Те же, кто пытались сохранить византийские традиции, приезжали в Россию, включаясь в созидание Третьего Рима. Это были в основном художники, поэты, монахи. Им должна быть благодарна Святая Русь, мыслимая не как национальный, но вселенский организм. Когда-то св. Андрей Первозванный, водрузивши Крест на Киевских горах и у Ильменского озера, не просто призвал к спасению, но указал путь. Это был непроторенный путь Духа, подвиг Христа ради, а не – утверждение материального благополучия. Именно поэтому Русь была готова к вселенской миссии.
Духовное окормление православной ойкумены – вот истинное предназначение России. Став носителем православной державной миссии, уже не могли, по определению, замкнуться в национальную квартиру, замкнуться в сиюминутности мечтаний и эгоистическом устроении захолустного существования. Русская натура обрастает широтой и становится обладателем дальнего кругозора, духовные блага – смыслом Бытия, обретением Бога, Его славы, пребывание в которой не временно, но вечно.
Кругозор русского человека становился все более цельным. Един Бог на земле, значит, един царь. Удельная система Древней Руси не могла отвечать требованиям Вечности. Федерации и конфедерации здесь неуместны.
Логика событий вела к памятному дню, 16 ноября 1547 года, когда на главу юного Иоанна Васильевича была возложена корона с миропомазанием. Но это было не просто повторение действия, происшедшего за 50 лет до коронации (тогда был венчан на царство Димитрий Иоаннович, внук Государя всея Руси Ивана III), но акт, освещающий сознание народное, готовность народа следовать за своим Помазанником, который также понял свое предназначение. «Иоанн IV был первым царем не потому только, что первый принял царский титул, но потому что первый сознал вполне все значение царской власти, первый составил сам, так сказать, ее теорию, тогда как отец и дед его усиливали свою власть только практически» (Сергей Соловьев).
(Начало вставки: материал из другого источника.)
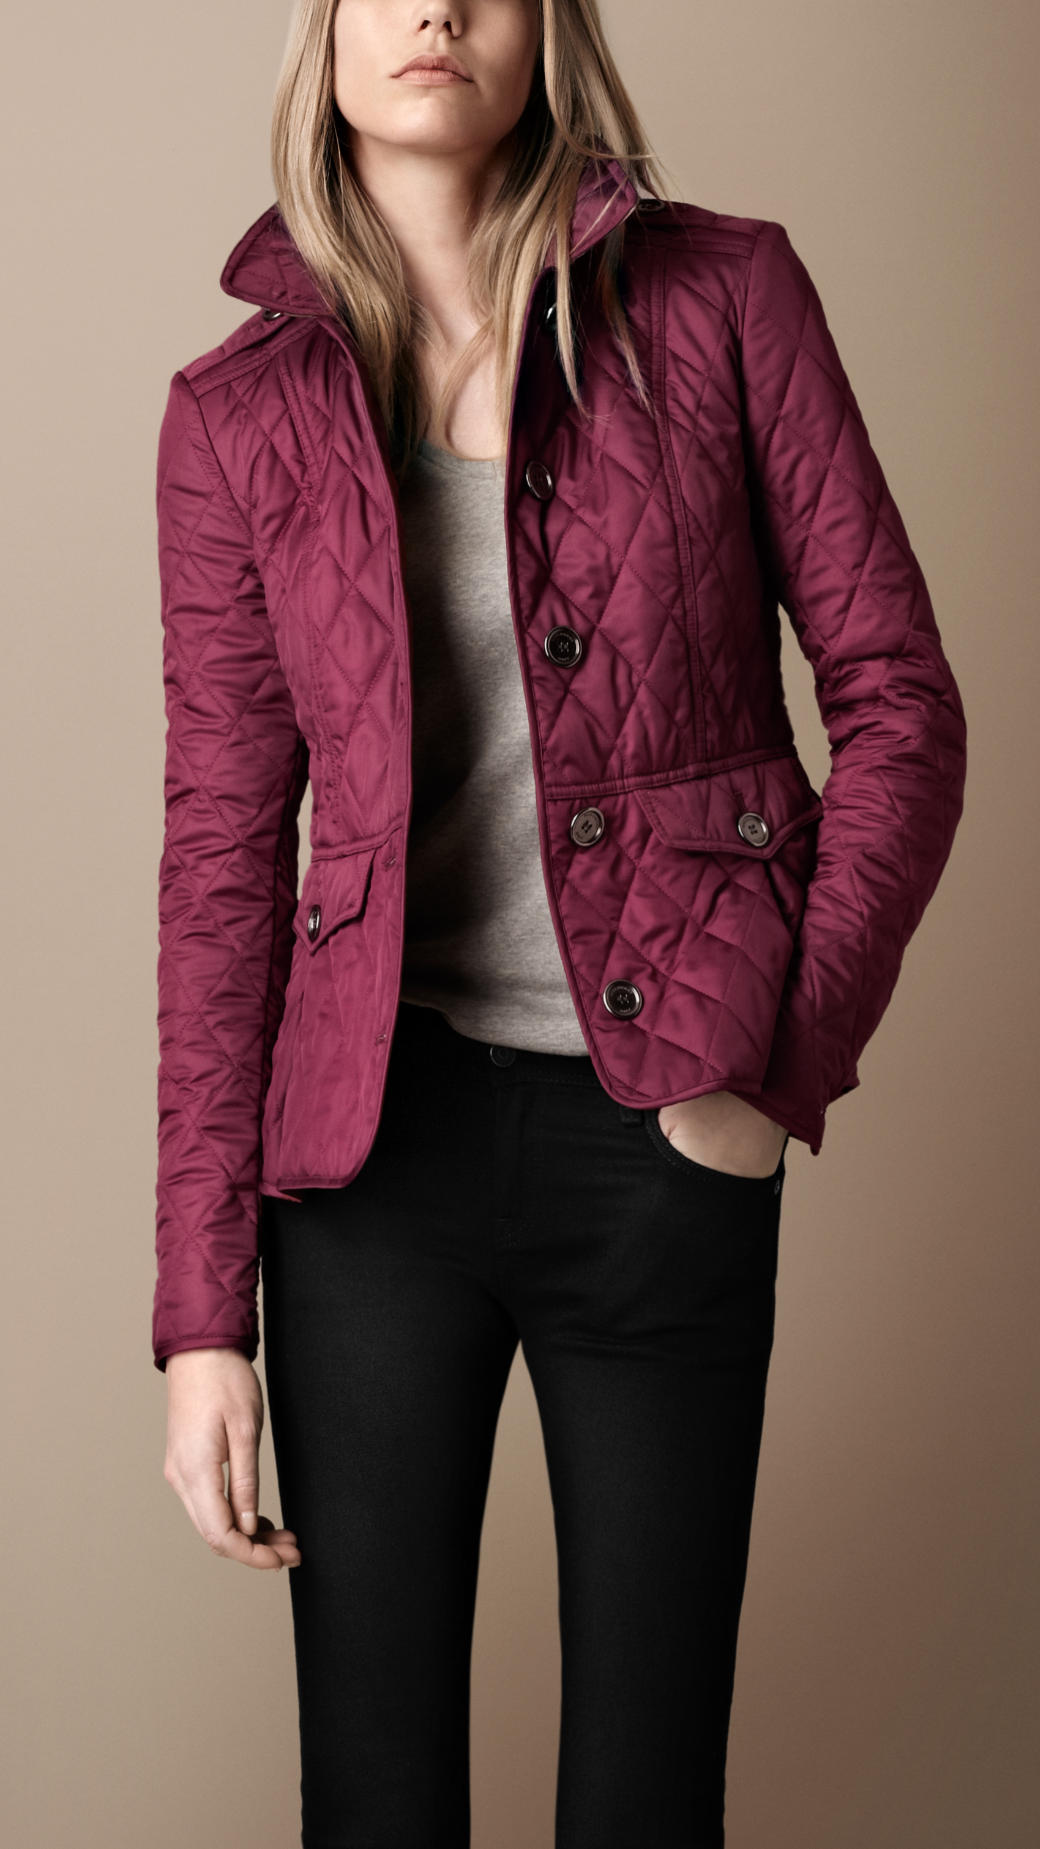 Lyst - Burberry Brit Fitted Quilted Jacket in Purple

При Грозном уже немыслима ситуация, которая происходила во времена Василия Темного и Дмитрия Шемяки, когда можно было, пусть и на время, устранить государя. Удельная Русь не принималась народным сознанием. Кроме того, Церковь мыслилась как неразрывная часть русского государственного организма. Она понимало свое Бытие только в единстве. Народ, Царь и Церковь в 16 веке окончательно оформились в единый организм, готовый исполнить Промысел Божий.
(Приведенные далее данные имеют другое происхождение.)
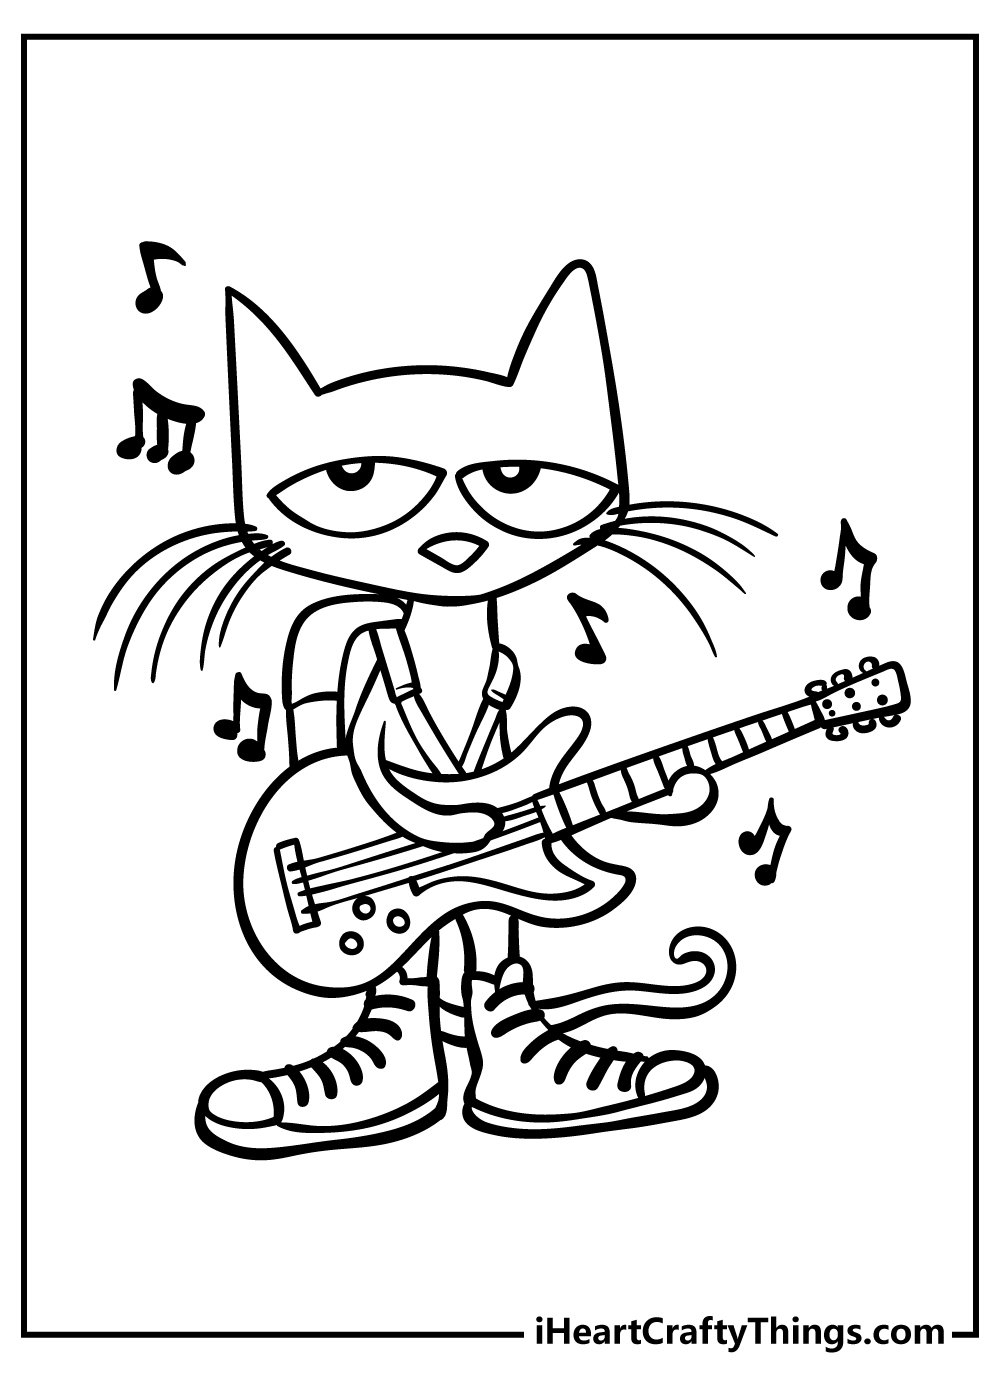 Pete The Cat Coloring Pages for adults free printable

«Государственное правление, по Грозному, должно представлять собой стройную систему. Представитель аристократического начала, князь Курбский, упирает преимущественно на личные доблести «лучших людей» и «сильных во Израиле». Иоанн относится к этому, как проявлению политической незрелости и старается объяснить князю, что личные доблести не помогут, если нет правильного  «строения», если в государстве власти и учреждения не будут расположены в надлежащем порядке. «Как царство не может цвести, если корни засыхают, так и это: аще не прежде строения, благая в царстве будут», то и храбрость не проявится на войне. Ты же, говорит царь, не обращая внимание на строение, прославляешь только доблести.
На чем же, на какой общей идее воздвигается это необходимое «строение», «Конституция» христианского царства? Иоанн, в пояснение, вспоминает о ереси манихейской: «Они развратно учили, будто бы Христос обладает лишь небом, а землей самостоятельно управляют люди, а преисподними – дьявол». Я же, говорит царь, верую, что всем обладает Христос: небесным, земным и преисподним и «все на небеси, на земли и преисподней состоите Его хотением, советом Отчим и благоволением Святага Духа». Эта высшая власть налагает свою волю и на государственное «строение», устанавливает и царскую власть» (Лев Тихомиров).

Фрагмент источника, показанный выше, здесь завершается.